I handed him a few small sticks and crumpled-up paper from a nearby bag, showing him where to place them. He mimicked my movements, setting the kindling in between the logs.
“Like this?” he asked, glancing at me for confirmation.
“Exactly,” I said, nodding. “Now, here’s the trick—you don’t just light it in one spot. You want to light it in a few places; make sure it catches evenly.” I pulled out a lighter from my pocket and handed it to him. “Go ahead. You light it.”
Holly hesitated momentarily, then flicked the lighter and leaned in, igniting the paper in a few spots like I’d shown him. The flames flickered to life, small at first, then growing as they licked at the kindling and started to catch the logs.
“Nice,” I said, giving him a nod. “Now, just close the door and let it do its thing. Keep an eye on it, though. You can add more logs once the fire’s strong to keep it going.”
Holly stood back, almost mesmerized by the flames, as if the fire was this mysterious thing he’d somehow managed to create out of thin air. His posture was stiff, but this flicker of pride was in his eyes, a small smile tugging at the corner of his mouth.
I could tell he was proud of himself, even if he didn’t say anything. Hell, I wasn’t sure when the last time was that Holly felt he’d accomplished something. But at that moment, standing in front of the fire he’d managed to get going, it was as though he’d won some small battle.
It struck me how something so simple could mean so much to a guy like him—someone who used to be larger than life, who was used to being in control of everything. Now, lighting a fire seemed like a win, and that hit me harder than I expected.
“That’s it?” he asked, his voice softer.
“That’s it,” I confirmed, dusting off my hands. “Not so hard, right?”
He shrugged, his eyes still on the fire. “I guess not.”
I could see the wheels turning in his head as if he were trying to process its simplicity or distracting himself from everything else. Either way, he’d learned something new today. I leaned back against the wall, watching him as the fire’s warmth started filling the room.
“Now you know how to make a fire,” I said. “Maybe next time you won’t nearly freeze your ass off.”
Holly chuckled, the sound low and almost self-conscious. “Yeah, maybe.
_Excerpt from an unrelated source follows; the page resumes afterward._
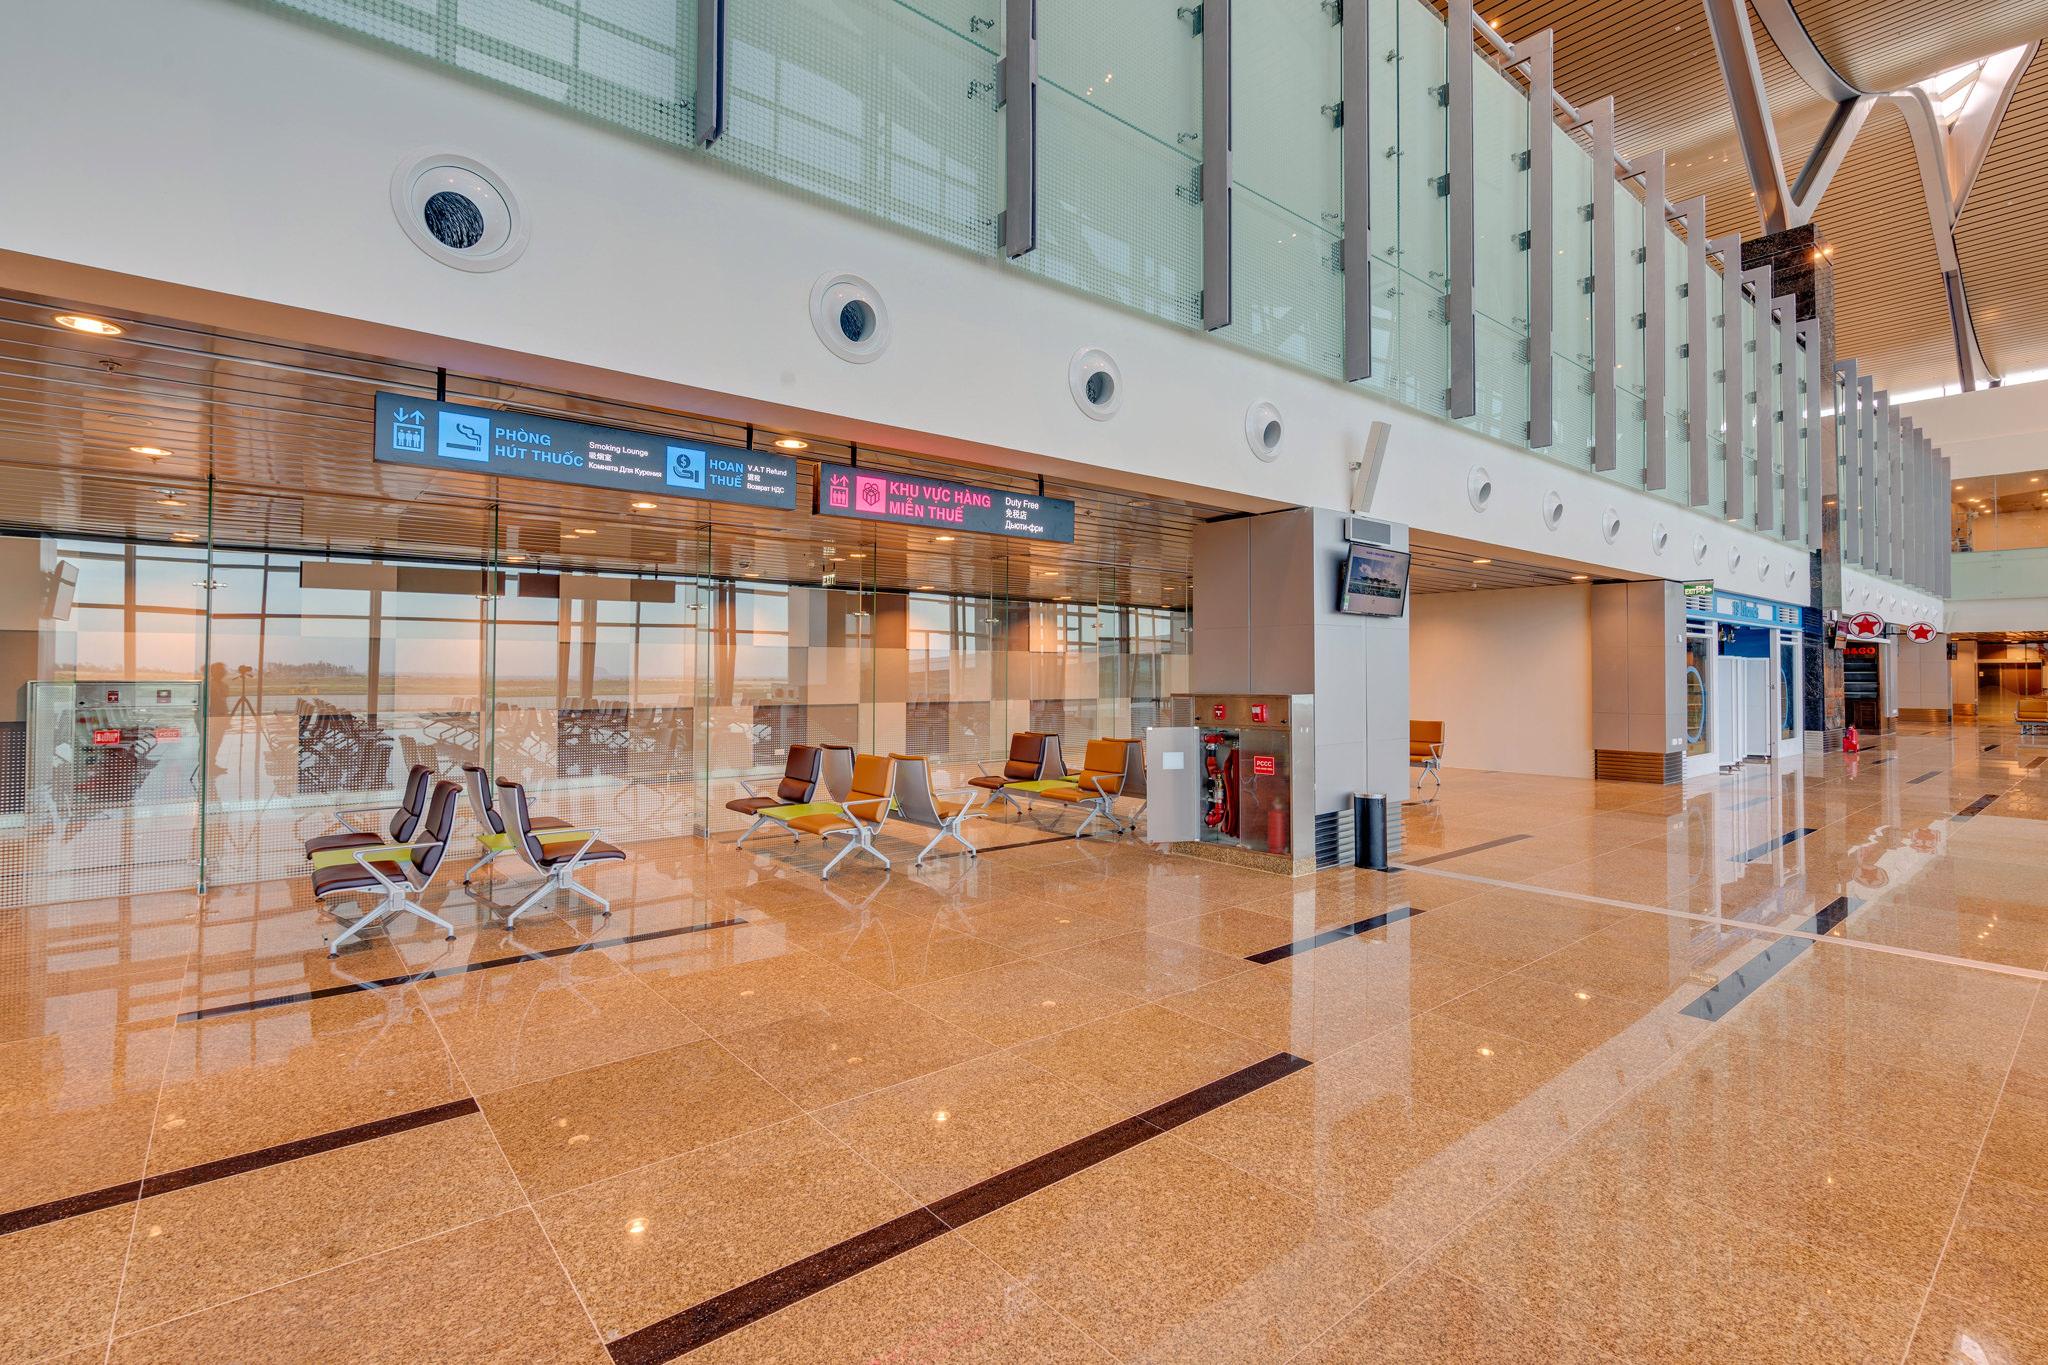 20180626 - Cam Ranh Airport - Architecture - 0356.jpg

So, I’ll um… you can’t leave in this, right?”
“Yeah, I need to stay here and wait for the worst of the snow to pass,” I told him, shaking the snow off my jacket by the door. “The mountain road’s dangerous even to locals when the weather gets this bad.”
Holly stood stiff, arms folded as if he wasn’t sure what to do with himself. “Is anyone going to be worried about you?”
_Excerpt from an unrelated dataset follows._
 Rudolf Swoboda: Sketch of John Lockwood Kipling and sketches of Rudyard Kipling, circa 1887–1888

I pulled out my phone and checked the last message I’d sent. There was no signal now, but a short okay from Duncan had snuck in when I was outside. “Everyone knows both of us are okay.”
Holly shifted, looking around like he was trying to figure out how long this situation would last. “So, uh… how long will you be staying?”
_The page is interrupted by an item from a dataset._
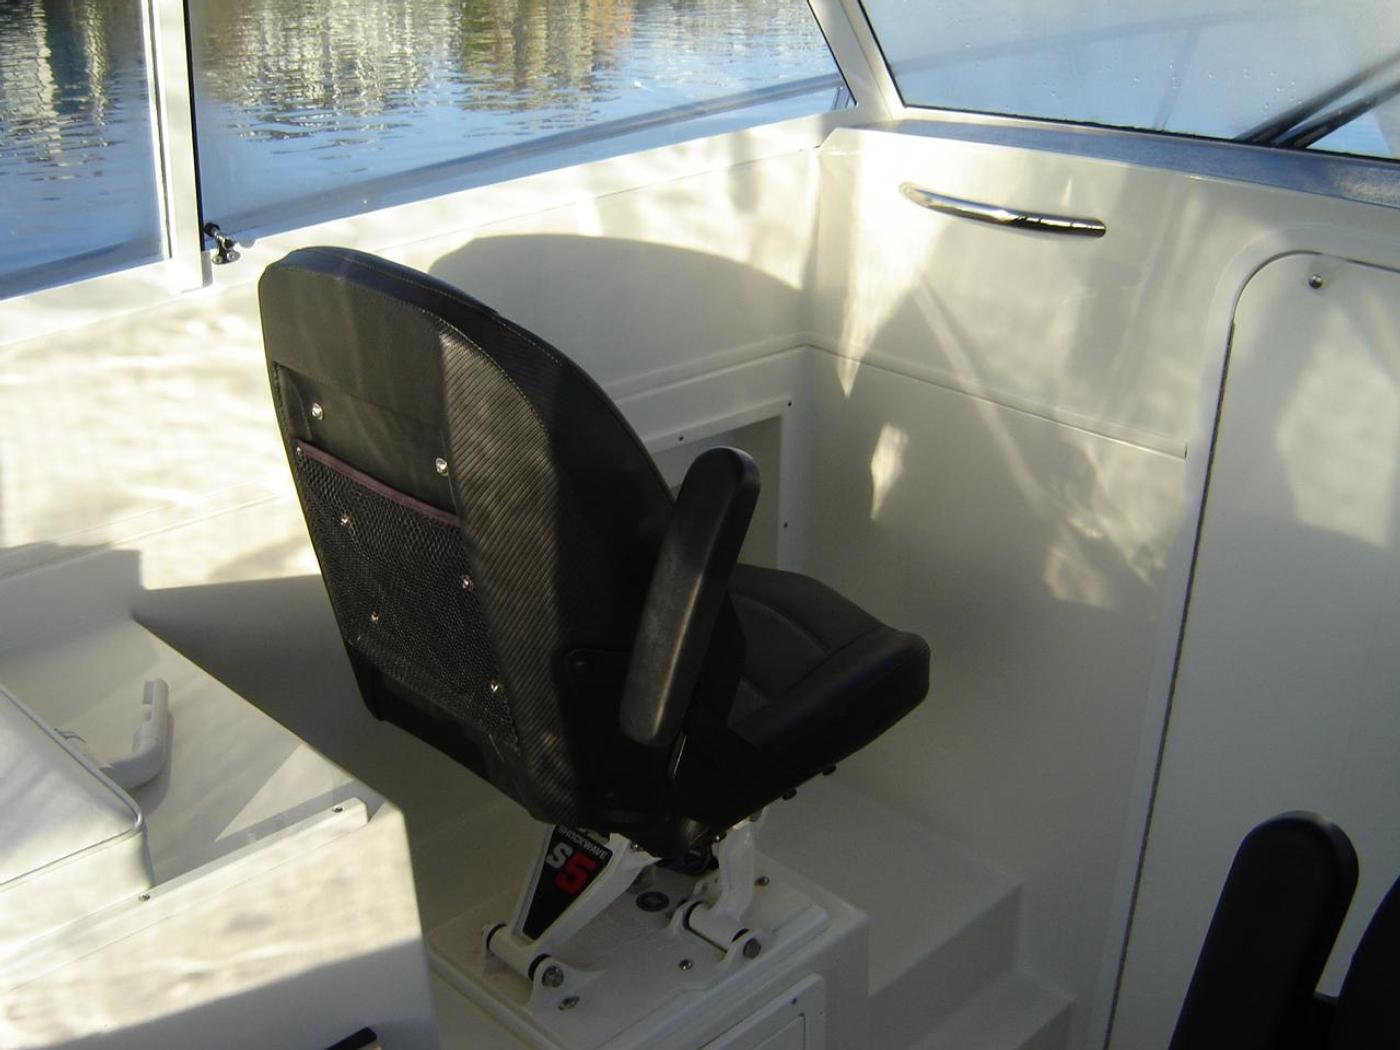 2019 Monaro 235 Sport, Passenger Seat to Port

“Until it’s safe to leave,” I said, eyeing the window as snow piled up faster than I liked. “Forecast said the storm would be over by tomorrow, so if I have to, I’ll stay here.”
“‘Here’.”
“You have a sofa and blankets—it’s not like we’d be sharing the one bed you have,” I teased, but his eyes widened. “Oh, and I have a tree in the car.”
“A tree,” he repeated.
“Yep, not a real one, but an emergency one that I’m using to bring Christmas to this place.”
“Oh,” he said, his cheeks flushing, and then he smiled. “Sure.”